= Statement of changes in financial position =

In business accounting, the statement of change in financial position is a financial statement that outlines the sources and uses of funds and explains any changes in cash or working capital. There is no single, agreed-upon definition, but all are about comparative value of each cash statement.

==About==
It contains activities from operations that alter the cash of a company has on hand. Changes in financial position include cash outflows, such as capital expenditures, and cash inflows, such as revenue. It may also include certain non-cash changes, such as depreciation.

The use of this statement is to provide relevant and focused on a period, so that users of financial statements with sufficient information to:

- Evaluate the company’s ability to generate resources.
- Assess the reasons for the differences between net income and funds generated or used by the operation.
- To assess the ability of the company to meet its obligations to pay dividends, and if necessary, to anticipate the need for funding.
- To assess the changes in the company’s financial situation arising from investing and financing transactions that occurred during the period.

==Vis-a-vis balance sheet==
The basic financial statement shows the resources generated or used in the operation, the main changes in the financial structure of the entity and its final reflection on cash and cash equivalents through a period of time.

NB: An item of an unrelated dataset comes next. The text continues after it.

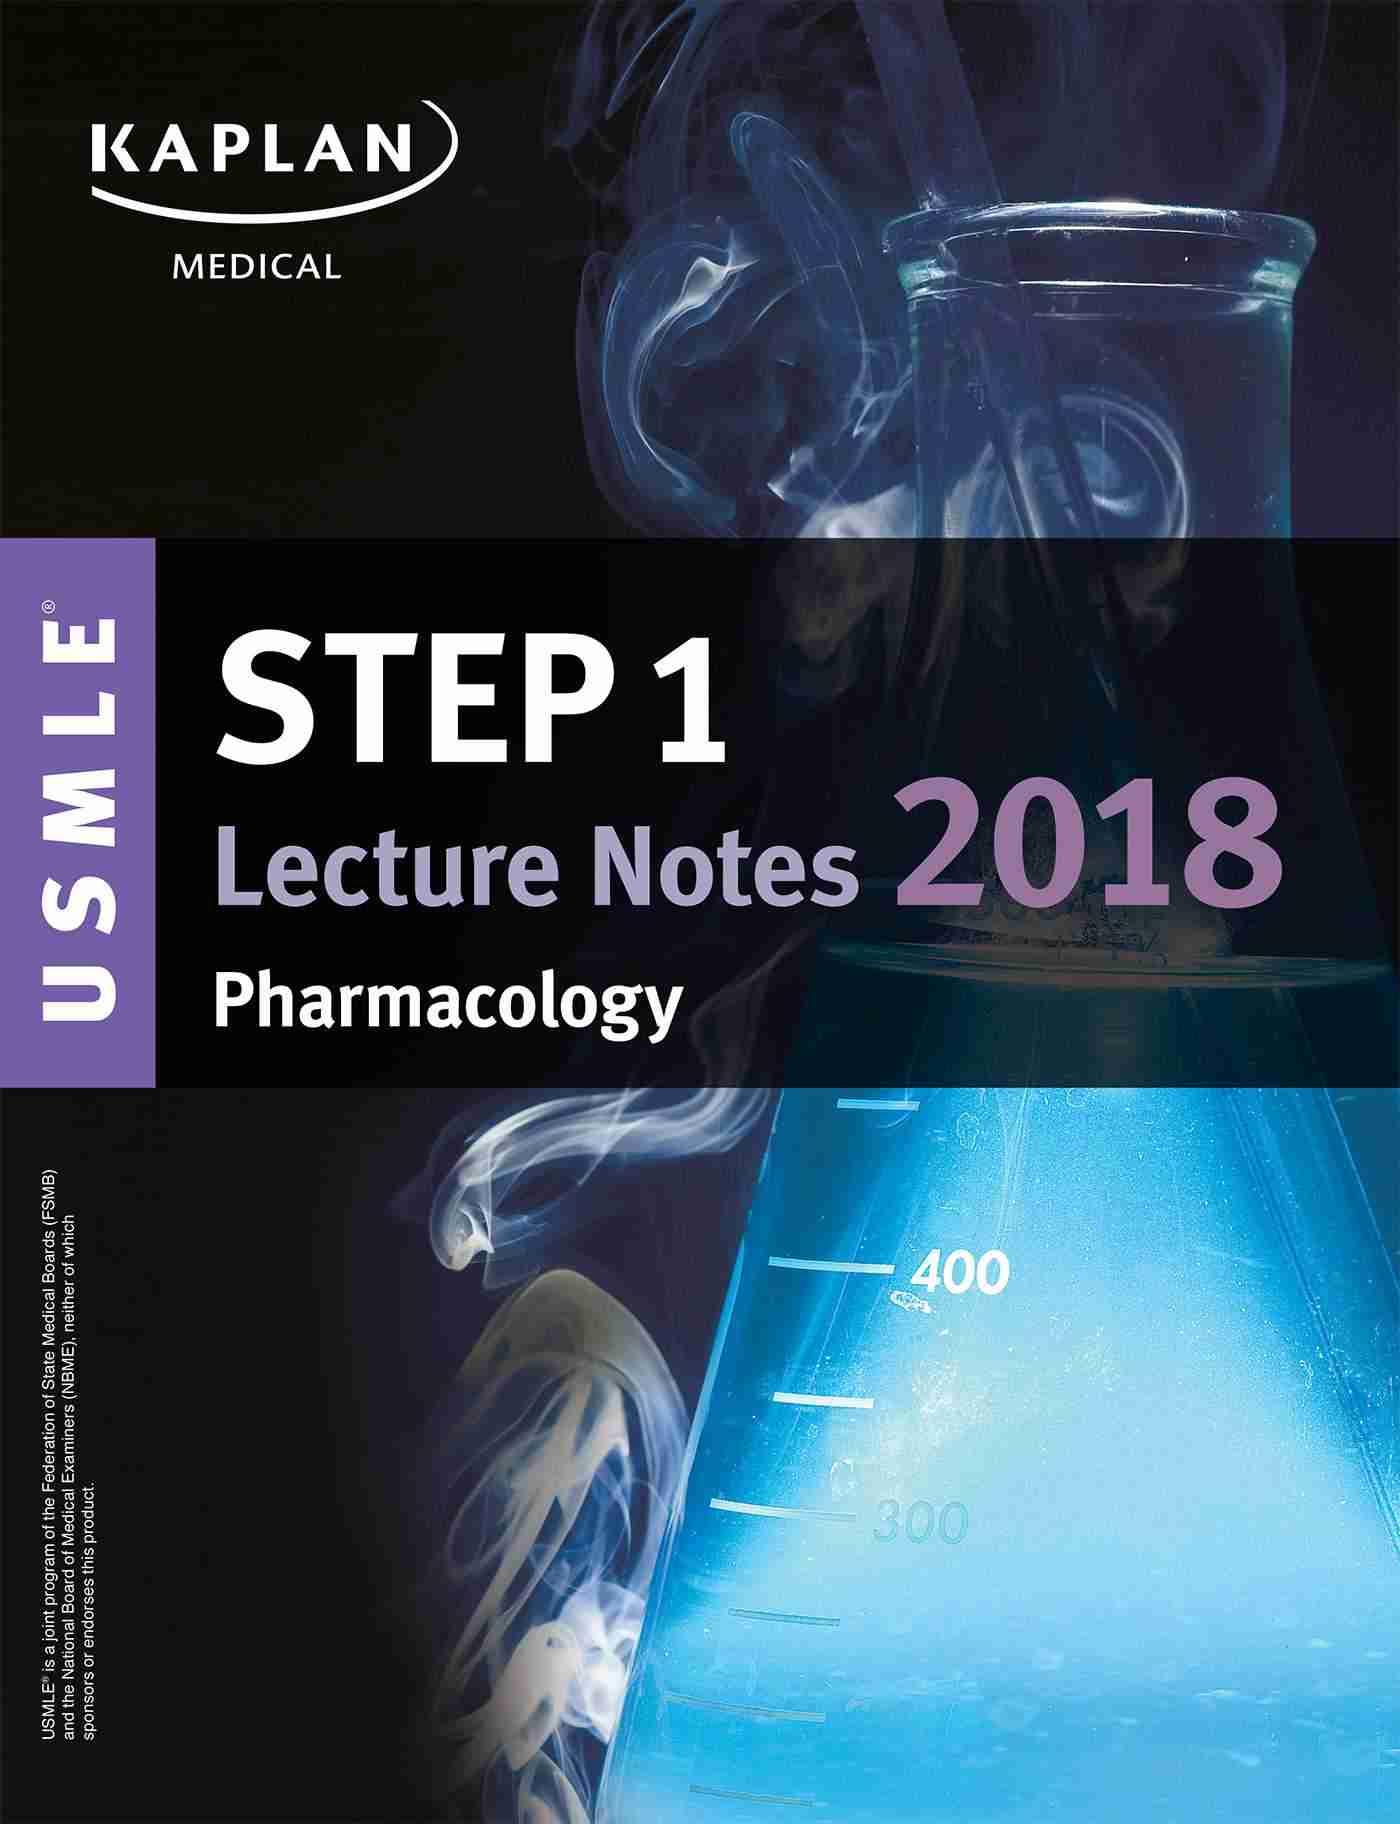 Kaplan Pharmacology

The term “constant dollars, pesos of purchasing power represent the balance sheet date (the last reported financial year comparative financial statements).
The generation or use of resources is the change in constant pesos in the various balance sheet items, which arise or impact on cash.

In the case of monetary items that change includes the change in nominal pesos more or less its monetary effect.

==Activities==
- Financing activities include obtaining shareholder funds and the repayment or payment of the benefits of their investment, payment of funds obtained through operations in the short and long term.
- Investing activities include the provision and collection of loans, purchase and sale of debt instruments, capital, real estate, equipment, machinery and other productive assets other than those that are considered business inventory.
- Operating activities are generally related to the production and distribution of goods and services, transactions and other events which affect the determination of net income and / or activities that result in movement of balances be directly related to the operation of the entity and are not framed in the activities of financing or investment.

==Impact==
The set of changes in financial position, showing the registered modification in weights in each of the main areas of coverage, which, together with the profit or loss, determine the change of the resources of the entity during a period .

In this state relate the net result of the change management in the financial structure and all cl reflect the increase or decrease in cash and temporary investments during the period.

Within the range of activities promoted by businesses, has become increasingly clear that the resources are generated and / or used in three main areas:
1. In the course of its operations.
2. As a result of borrowings and their real depreciation in the short and long term.
3. In terms of investments and / or emersion made.

===Operating===
The resources generated or used by the operation are to add or decrease net income for the period (or before extraordinary items), the following concepts:

1. The income statement items that have not generated or required the use of resources or whose net income is linked to activities identified as financing or investment. Movements in estimates devaluation of assets are not considered in this settlement.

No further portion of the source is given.